Ни то ни другое не есть сторгия. Высшее и истинное в сторгии – наиполнейшая степень взаиможизни в свитости высших душ разных людей, свитости, для которой самопожертвование или отдача своей души другому, когда нужна, когда не нужна или нужна как готовность.
Как бы тема любви и дело любви ни были важны в Евангелии, нельзя забывать, что Бог-Сын сошел на землю не только для провозглашения необходимости любить друг друга. У него Своя Господняя Задача. Центр Евангелия составляет Богочеловек и то мистическое Дело Искупления и Спасения, которое Он совершил. Тема любви друг к другу отчетливо и неоднократно провозглашена и обозначена в Евангелии, но тема эта не может заслонять основную мистическую тему. Нет ничего удивительного, что сторгическая линия человеческой жизни обойдена в Евангелии. Ведь и Церковь мыслится как «тело Христово», пусть даже как «Невеста Христова», но все же не как «Его другое Я».

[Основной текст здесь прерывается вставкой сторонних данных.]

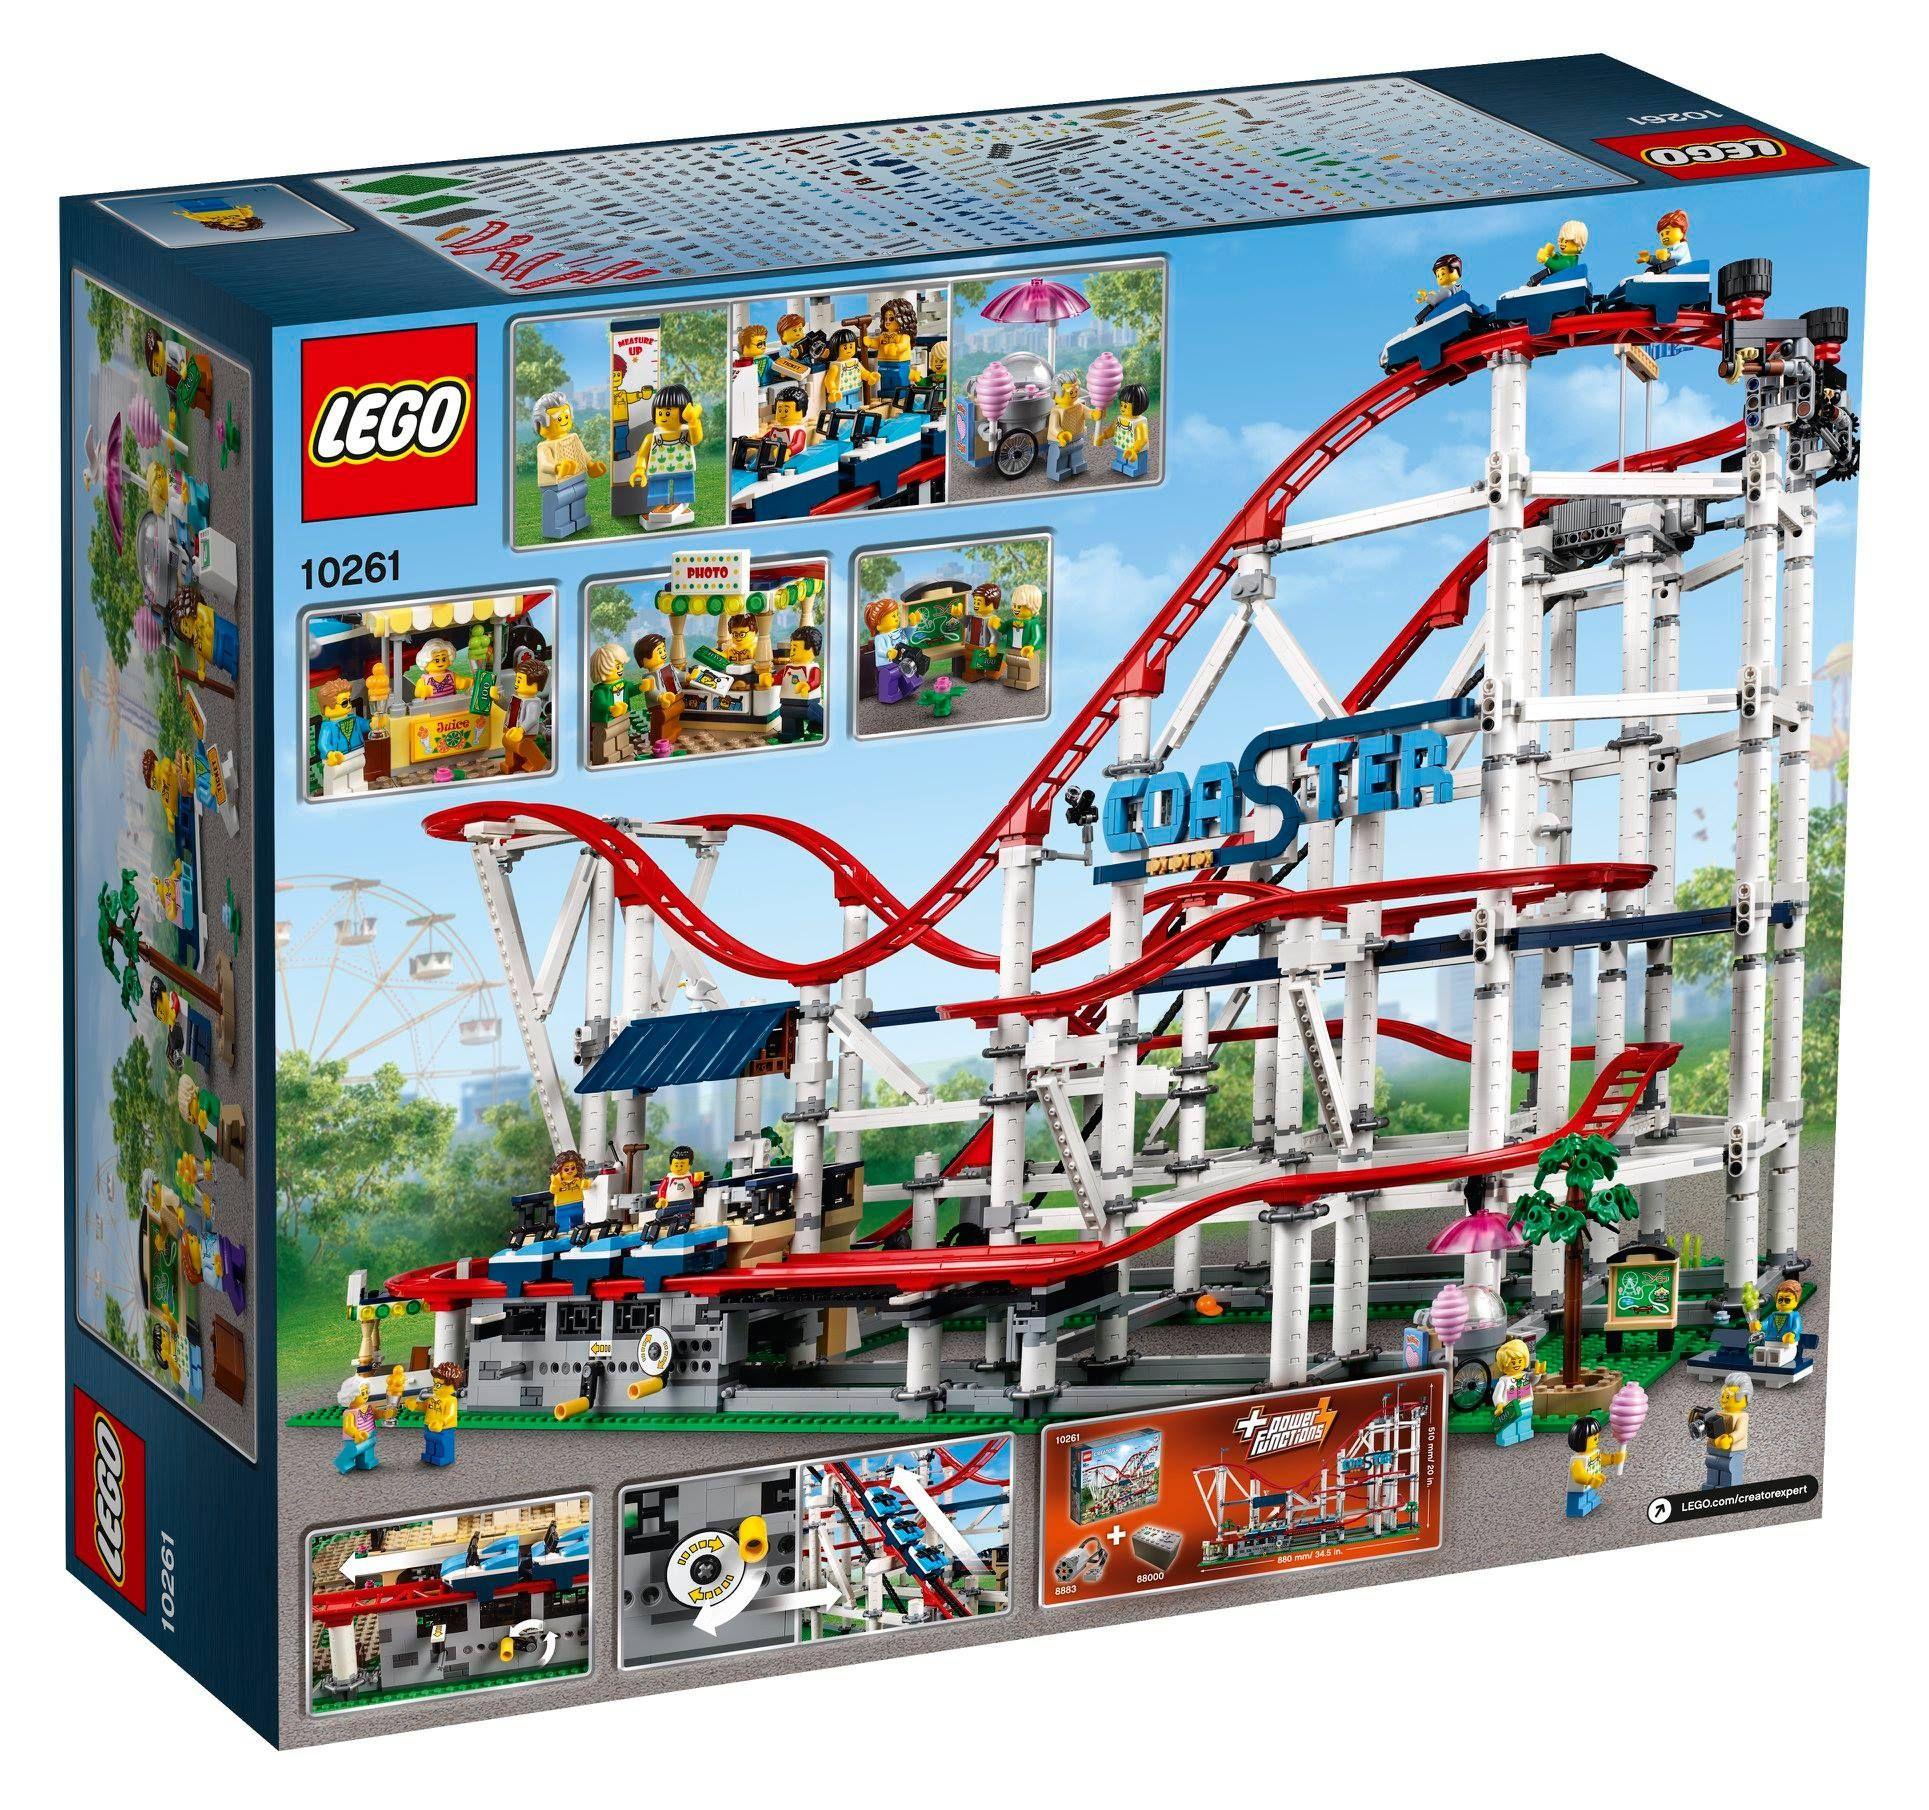 LEGO® Creator Expert Achterbahn (10261) - Bild 03 | ©LEGO Gruppe

Толстой вполне мог бы создать свое, самобытное и целостное учение из собственных прозрений. Но он верил Христу и любил Христа, и ему по его вере и любви была необходима опора именно на Евангелие. Незнающий человек может подумать, что Толстой использовал евангельские тексты в продомальных целях. Однако он действительно искал подлинный смысл Евангелия, и многие положения его учения возникли не от независимых прозрений, а от прозрений при чтении Евангелия. Именно вникновение в Евангелие с его проповедью агапической любви и стремление установить ценности жизни исключительно на всечеловеческой евангельской основе отодвигало Толстого от мысли личностной сторгии. Другая причина этого связана с общей для толстовского и евангельского учений установкой на обретение человеком несмертной жизни.
Евангельская благая весть – это, разумеется, весть о восстановлении порушенного Адамом, о возобновлении райской жизни посредством Жертвы Христа и жизни во Христе. Нельзя сказать, что по христианской вере повторное вселение спасенного человека в Рай не отличается от той жизни, которой жил в райском Саду праотец Адам. Это в разных отношениях обновленная жизнь. В частности, потому, что для такого восстановления в человечестве создается новое духовное единство (Церковь), которого в бытность Адама в Раю не было. И все же это именно восстановление человека в Раю, восстановление вновь того, что было, хотя и в новом виде. А не создание того, чего не было, не новое создание. Хотя для успеха дела реконструкции райского бытия человек в известном смысле должен как бы «родиться вновь».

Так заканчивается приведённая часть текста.